AWS Lambda includes the blueprints for running unit and load testing. In fact, blueprint library includes a simple framework for conducting various tests of your Lambda functions. As illustrated below, test functions are just like any other normal AWS Lambda functions and they accept function name which is required to be tested as the parameter when test functions are invoked.

var load = function(event, context) {
    var payload = event.event;
    asyncAll({
        times: event.iterations,
        fn: function(next, i) {
            payload.iteration = i;
            var lambdaParams = {
                FunctionName: event.function,
                InvocationType: 'Event',
                Payload: JSON.stringify(payload)
            };
            lambda.invoke(lambdaParams, function(err, data) {
                next();
            });
        },
        done: function() {
            context.succeed('Load test complete');
        }
    });
};

Serverless analytics

AWS Lambda can be an excellent utility to build low-cost analytics solution. For example, my blog currently runs Snowplow web analytics tracker which sends data to Amazon S3 via CloudFront logging function. Once data arrives in S3, it triggers an AWS Lambda function to immediately process the raw log shipped to S3 bucket by CloudFront logging function. This Lambda function extracts raw data from the log files, transforms them into a canonical format, perform enrichment and loads final data into the DynamoDB table which is connected to a D3.js dashboard served from another S3 bucket.
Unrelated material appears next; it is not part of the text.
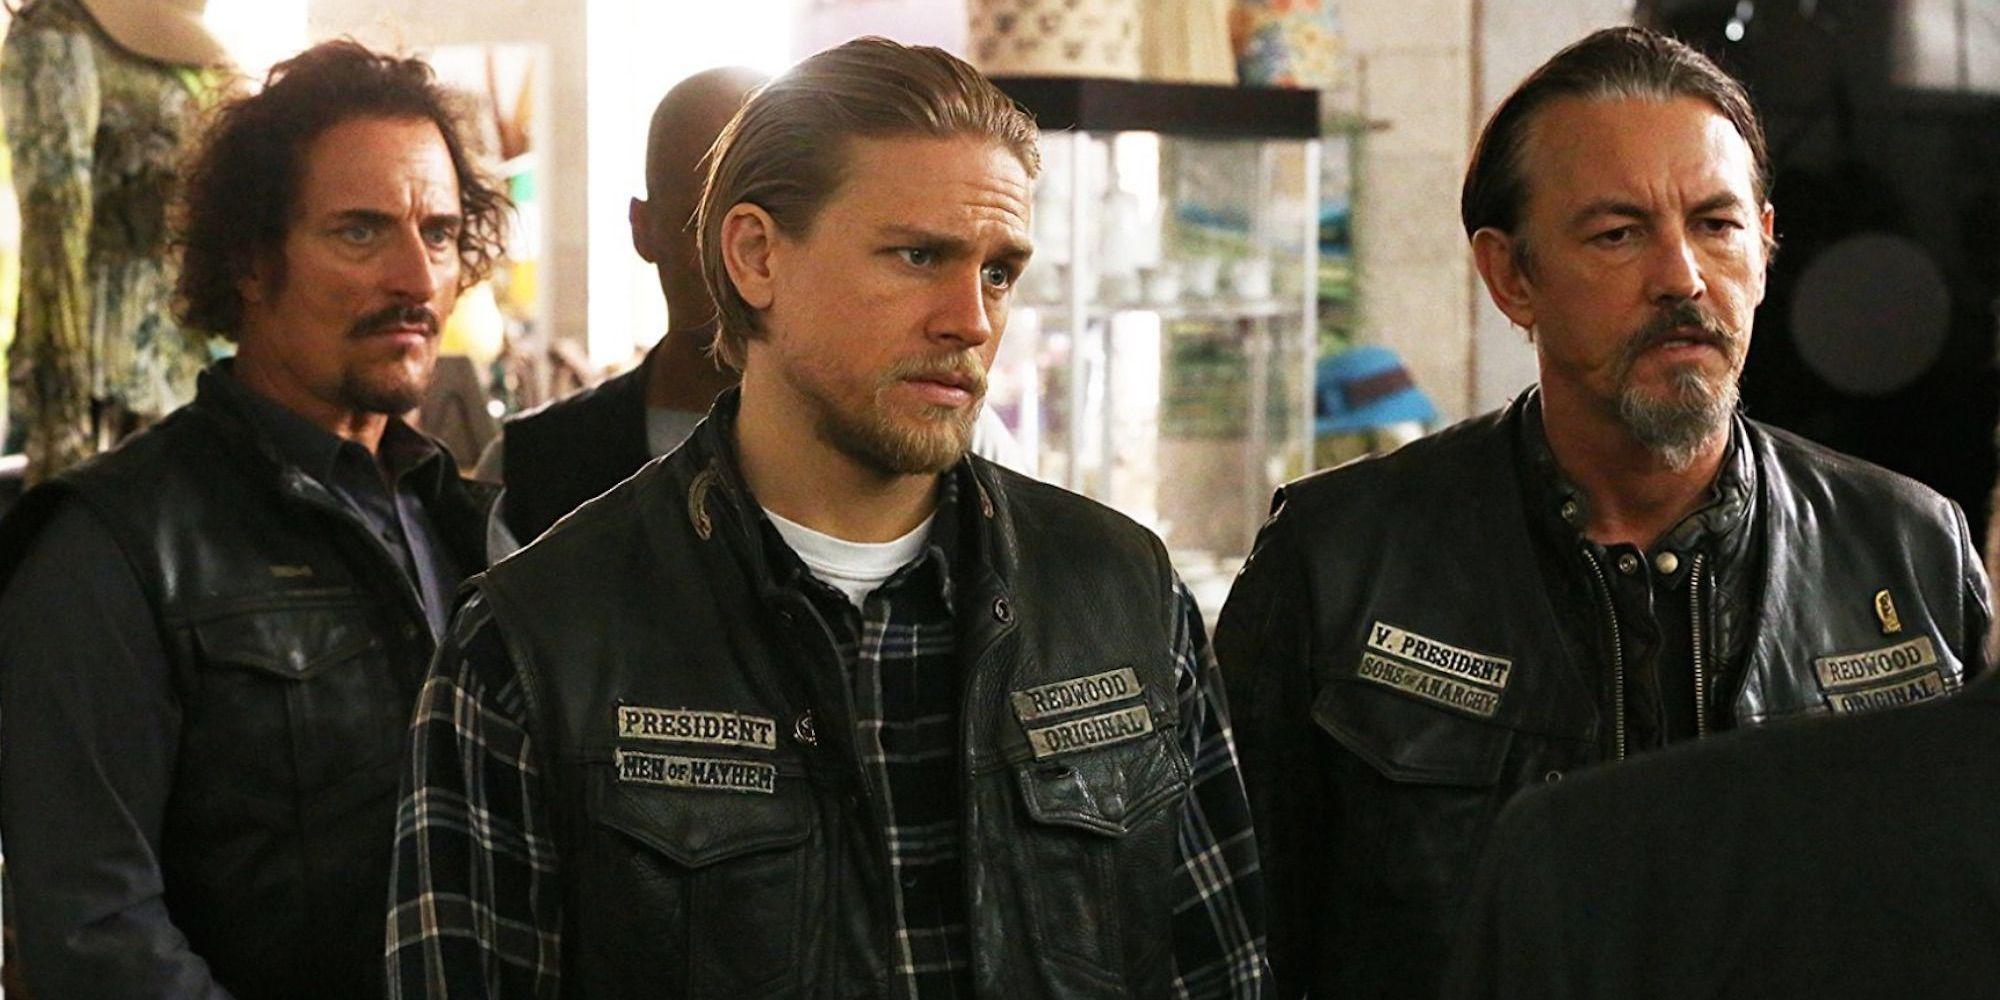 Why Sons of Anarchy's Series Finale Kills Jax Teller | CBR

All of this cost me less than 5$ a month. Alternatively, I can use Amazon Elasticsearch Service as dashboard but it will cost me a bit more.
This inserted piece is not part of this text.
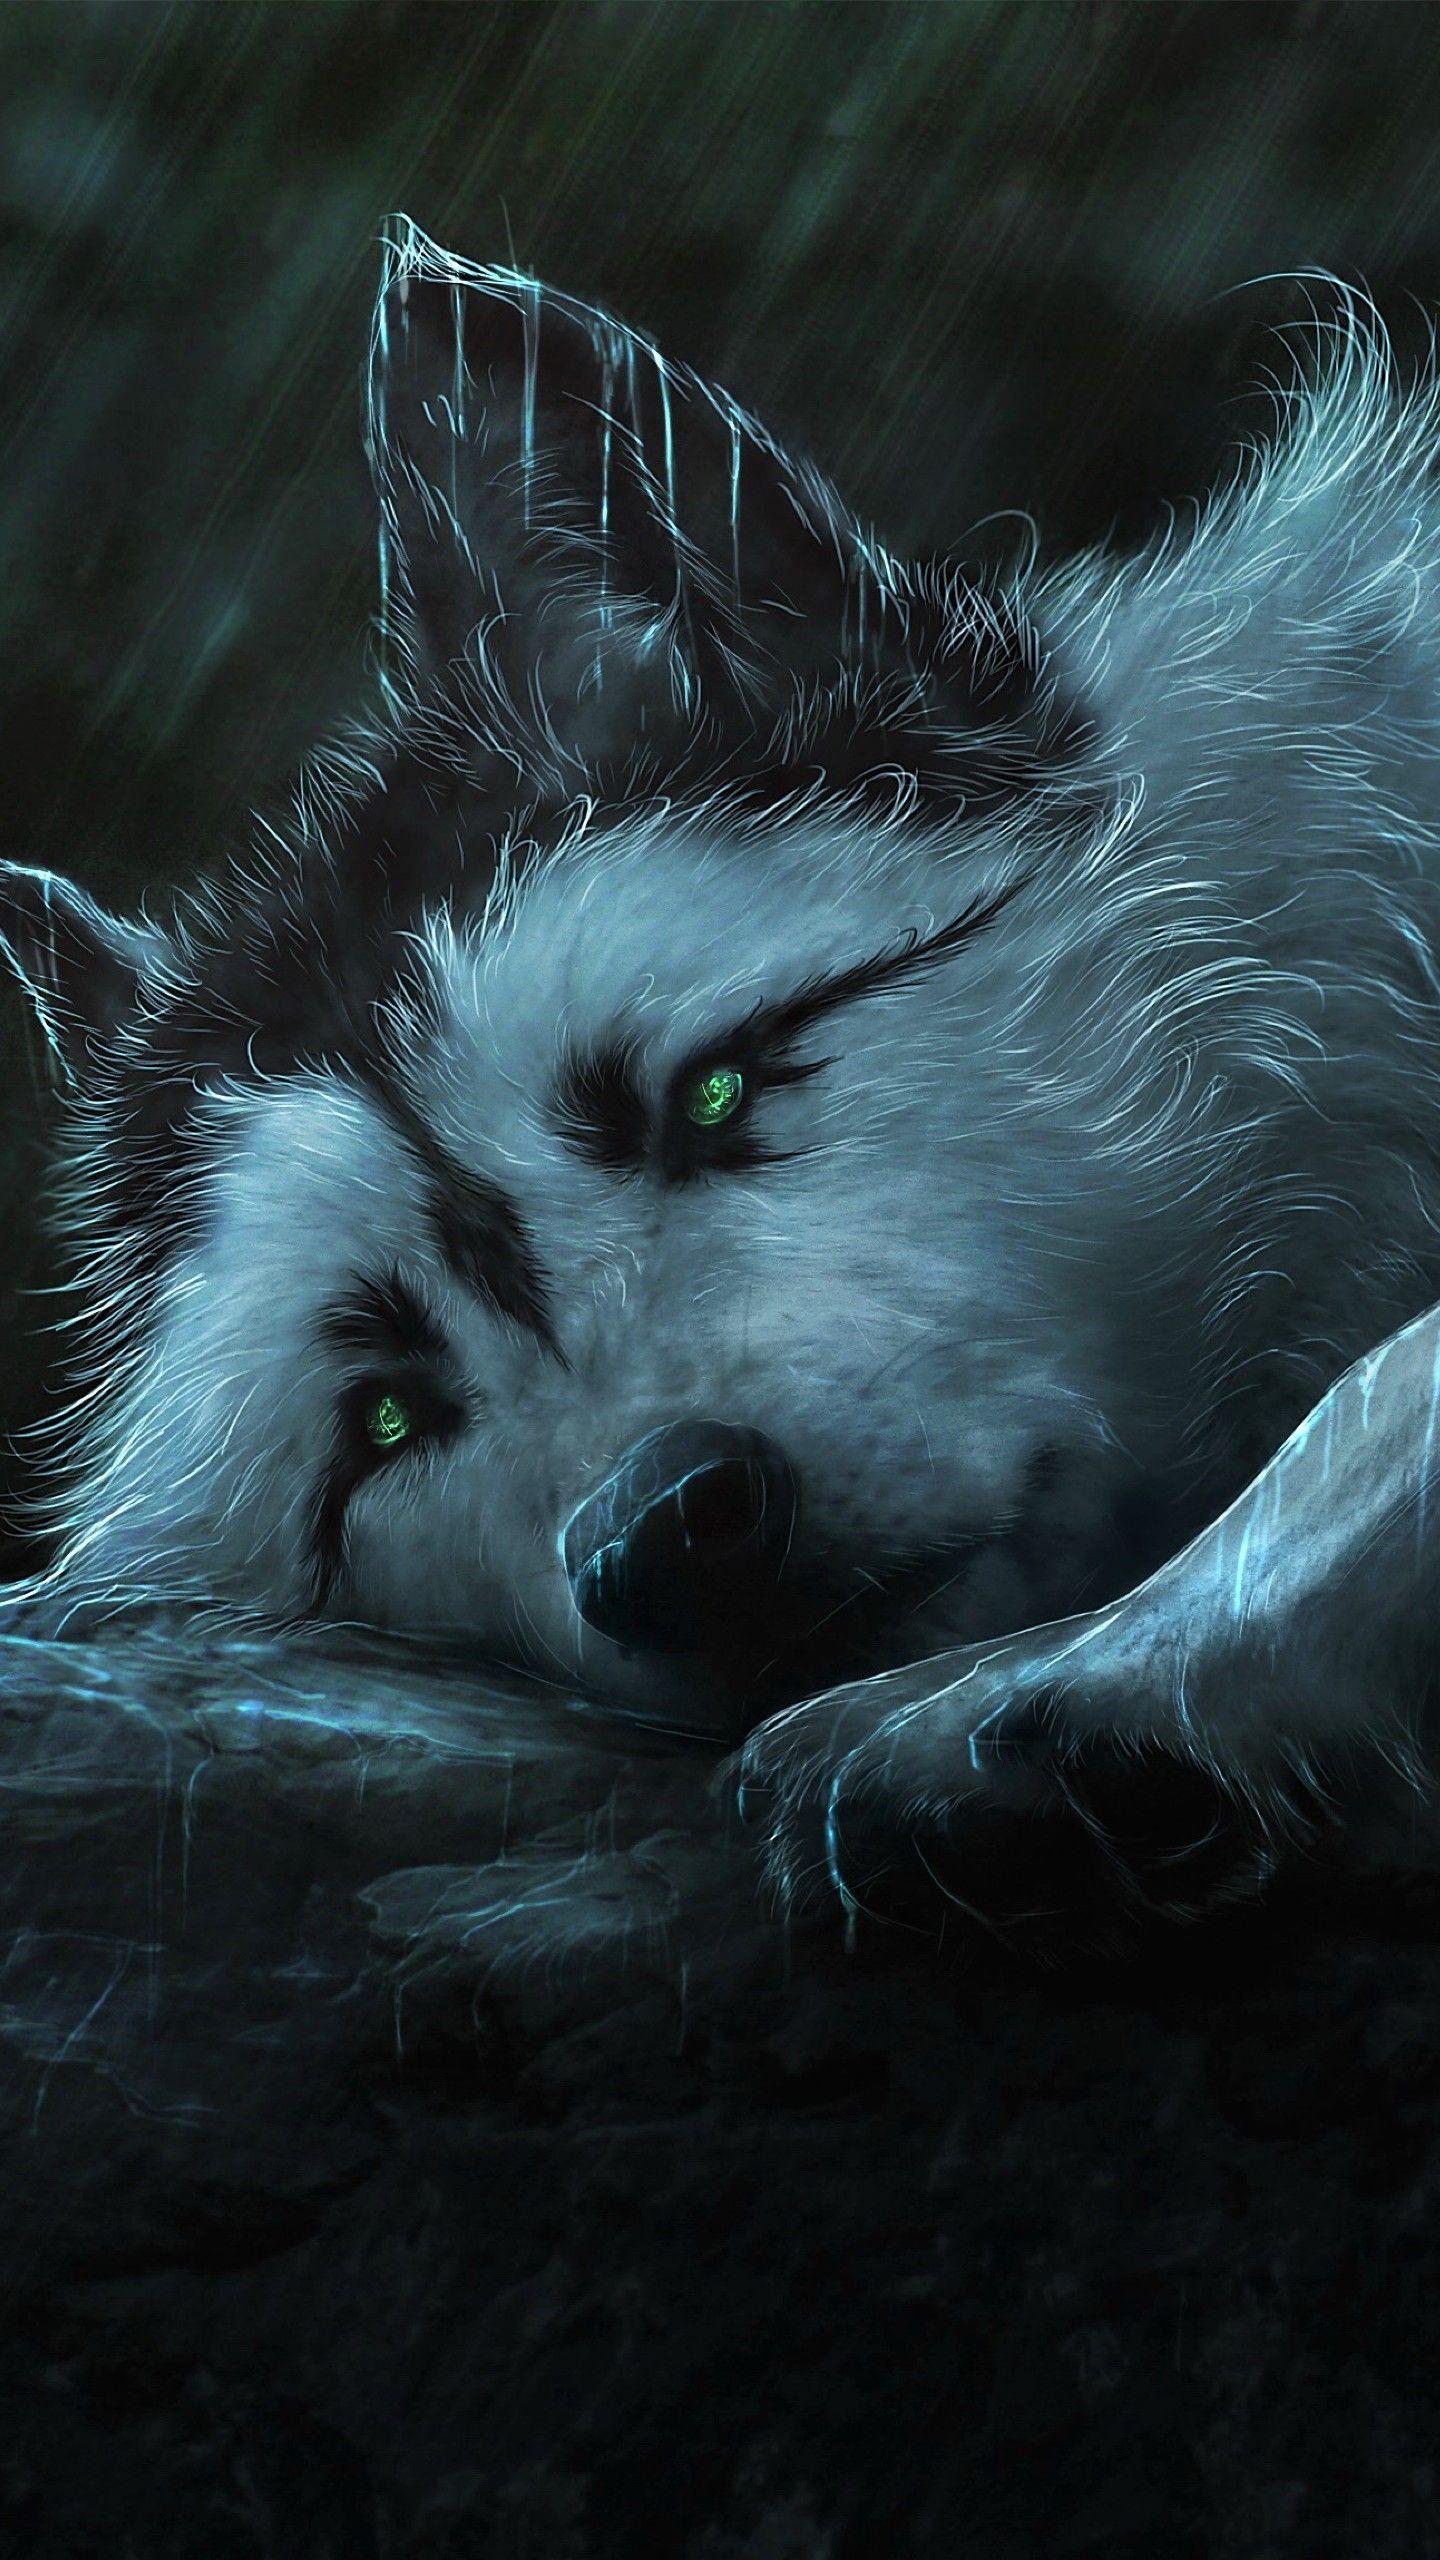 Pin by Lyrkanea on Wolf Art Wolf wallpaper, Galaxy wolf

Serverless stream processing

Using AWS Lambda you can send the clickstream data to Amazon Kinesis Stream and from there we can analyse the data in the real-time. In this case, AWS Lambda acts as highly-scalable data collector API, sitting behind the Amazon API Gateway proxy. Lambda function accepts the clickstream payload sent by the client via pixel request and then put this payload into the Amazon Kinesis Stream. Data from Amazon Kinesis Stream is either picked by Amazon EMR or the Amazon Elasticsearch Service for analysis and displayed as the dashboard.
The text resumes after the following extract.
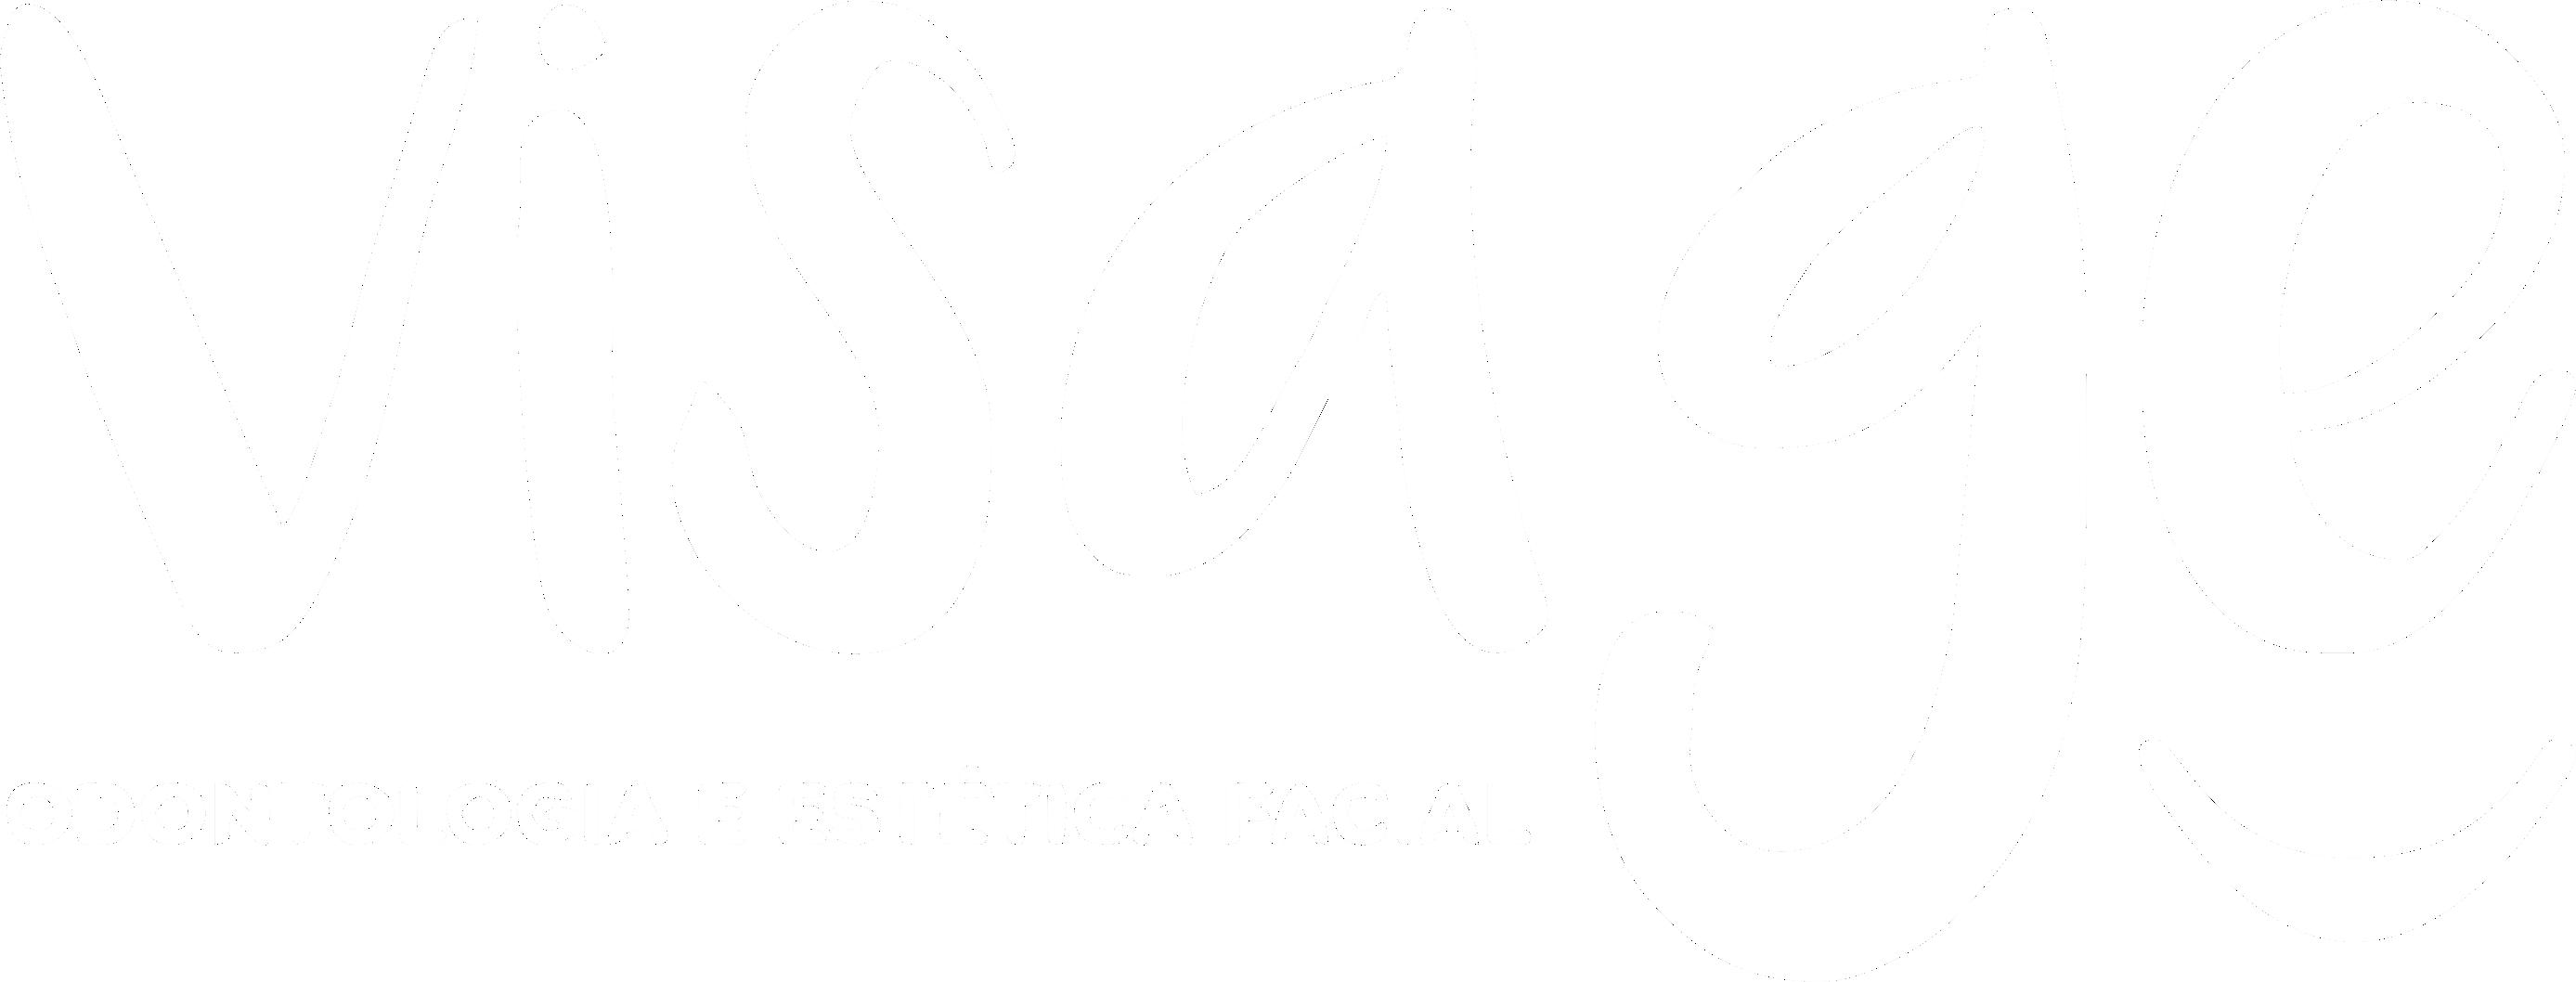 visage.png

AWS Lambda and Streaming Analytics

Serverless ETL

Using AWS Lambda one can create the serverless ETL pipeline. For example, if you are storing your clickstream log files to Amazon S3 bucket then an AWS Lambda function can be triggered whenever a new log file is added to your bucket. This AWS Lambda function (Extract) will extract metadata of the log file and put as a record into Amazon Kinesis Stream which will be picked by another AWS Lambda function (Transform). The AWS Lambda function (Transform) will then transform the data and push transformed record in another Amazon Kinesis Stream which. This Amazon Kinesis Stream is attached to Amazon Kinesis Firehose which loads transformed records into the Amazon RedShift. Alternatively, once Amazon Kinesis Analytics is publically available you can use it instead of AWS Lambda do transformation part by running the standard SQL queries against Amazon Kinesis Stream data.

AWS Lambda Serverless ETL

Serverless statistics

AWS Lambda allows us to run arbitrary executables which means one can basically run a portable and lightweight version of R wrapped by a Lambda function written in any supported language. This Lambda function will be the entry point for the R executable and can be called as API if you are using Amazon API Gateway

Serverless machine learning

Last but not least, you can always use AWS Lambda in conjunction with Amazon Machine Learning to either do real-time predictions for streaming data or on-demand prediction by exposing a Lambda function wrapping Amazon Machine Learning as API.

Closing remarks

So there you have it, endless serverless possibilities once you mix the AWS Lambda with other AWS services.